When the string is a palindrome of even length like deed
, the new regex first tries all permutations of the first alternative. The second alternative “evenword” is attempted only after the first alternative fails to find a match.
The second alternative starts off in the same way as the original regex. The group “evenletter” matches d
. During three consecutive recursions, the group captures e
, e
, and d
. The fourth recursion fails, because there are no characters left to match. Back in the third recursion, the regex engine notes that recursive call (?P>evenword)?
is optional. It proceeds to the backreference \k'evenletter'
. The backreference fails because there are no characters left in the string. Since the recursion has no further alternatives to try, it is backtracked. The group “evenletter” must give up its most recent match and PCRE exits from the failed third recursion.
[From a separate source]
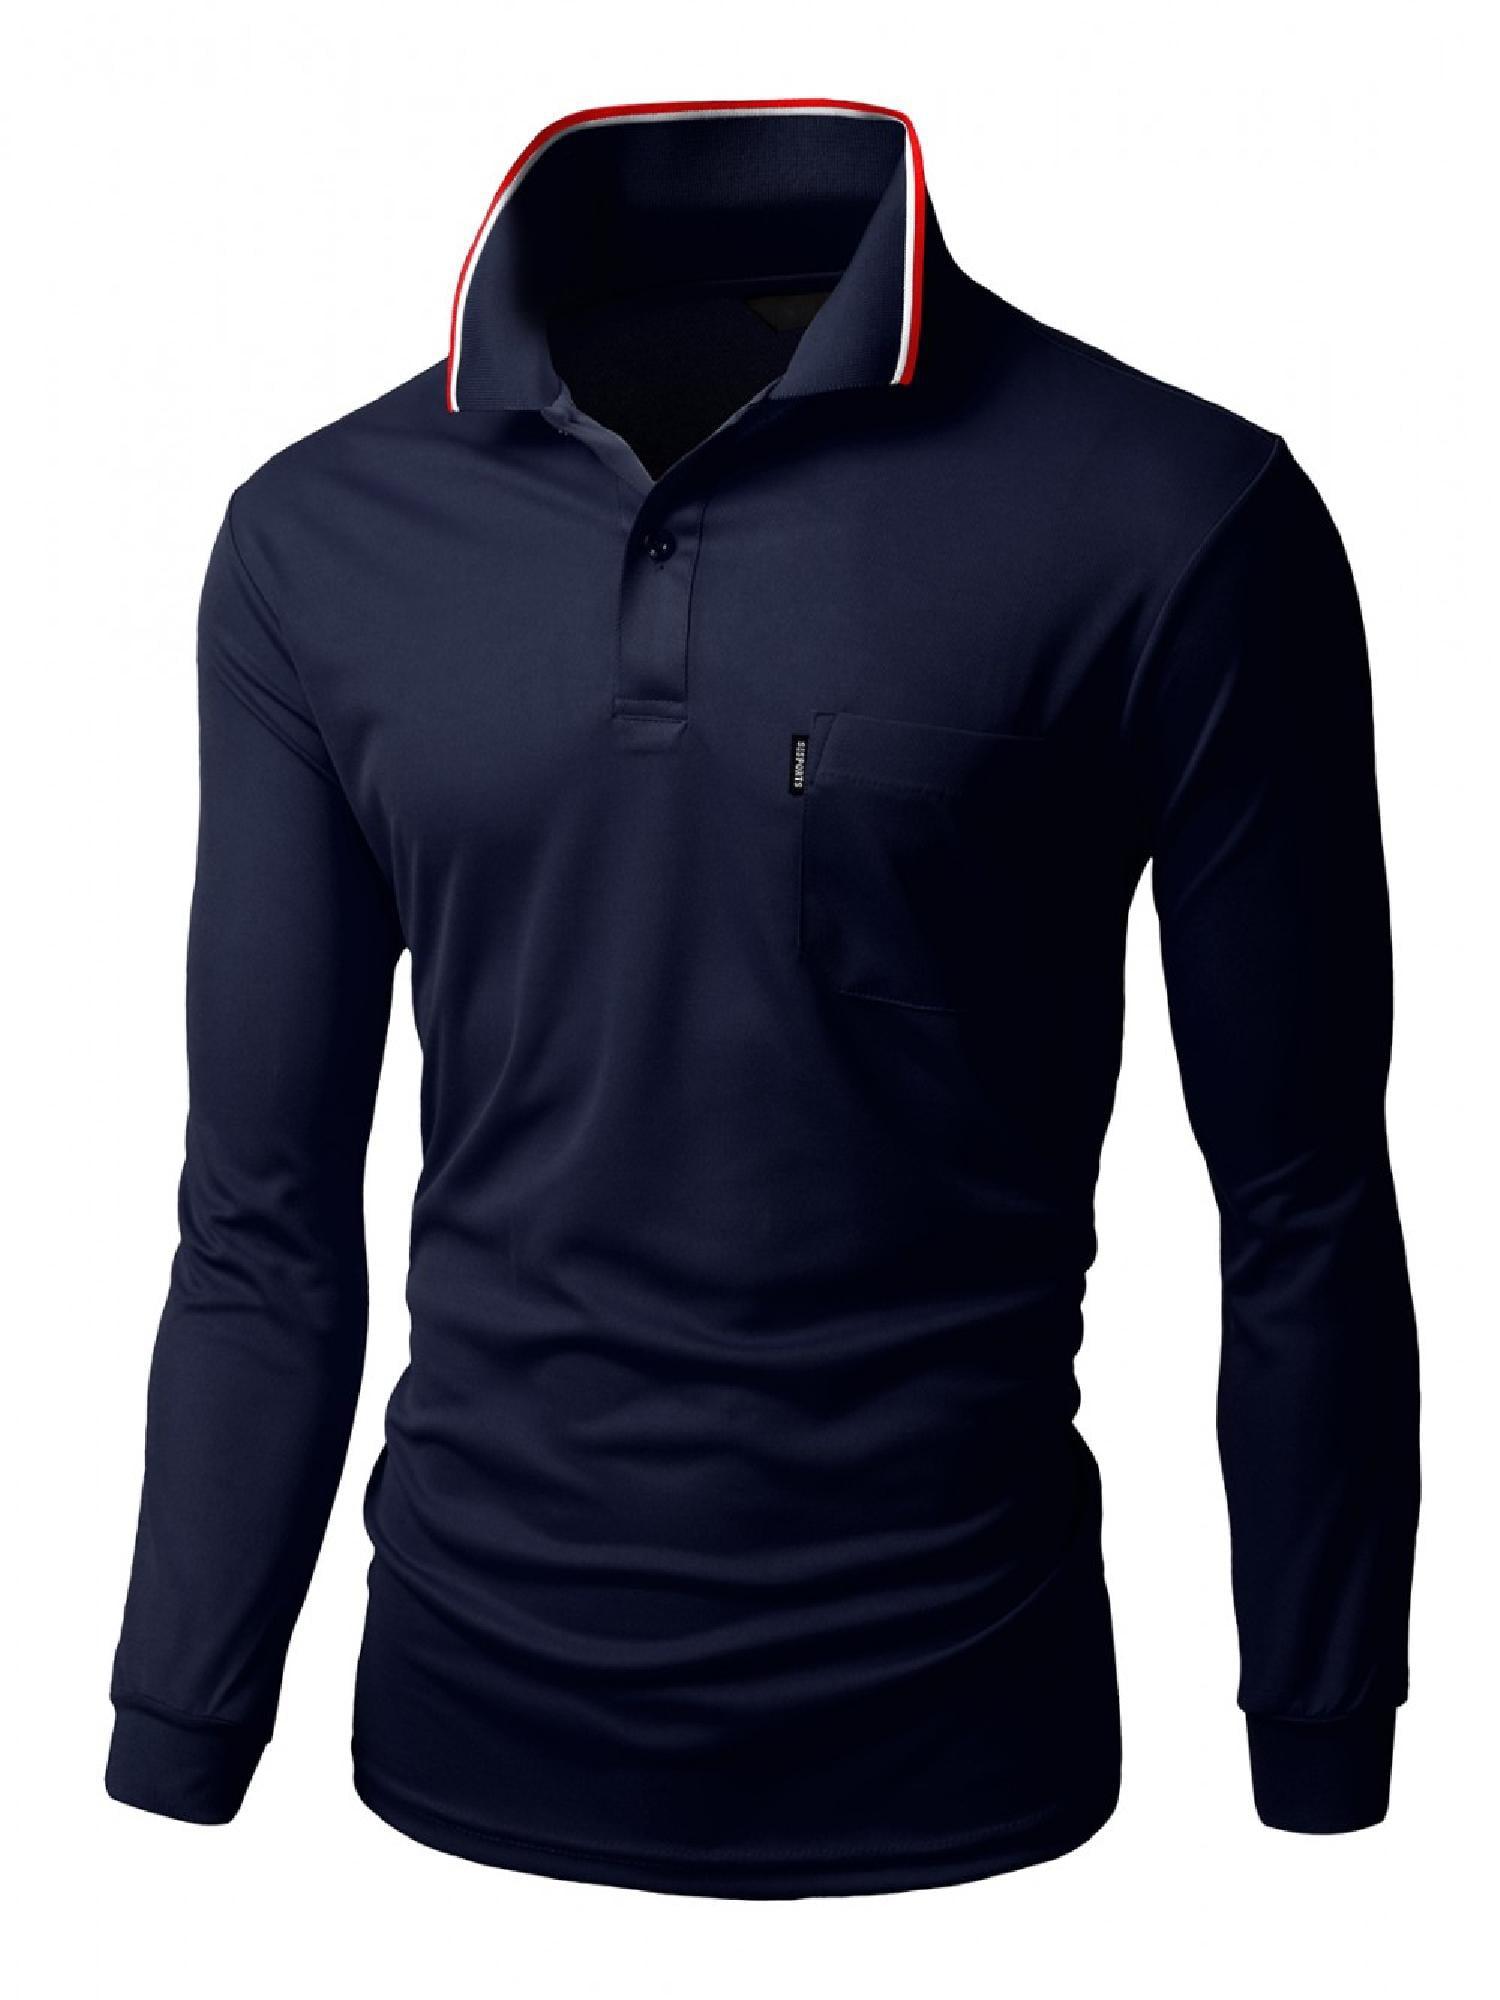 c46144a27f7f Long Sleeve Pocket T Shirts Walmart - raveitsafe

In the second recursion, the backreference fails because the capturing group matched e
during that recursion but the next character in the string is d
. The group gives up another match and PCRE exits from the failed second recursion.
Back in the first recursion, the backreference succeeds. The group matched the first e
in the string during that recursion and the backreference matches the second. PCRE exits from the successful first recursion.
Back in the overall match attempt, the backreference succeeds again. The group matched the d
at the start of the string during the overall match attempt, and the backreference matches the final d
. Exiting the groups “evenword” and “word”, the word boundary matches at the end of the string. deed
is the overall match.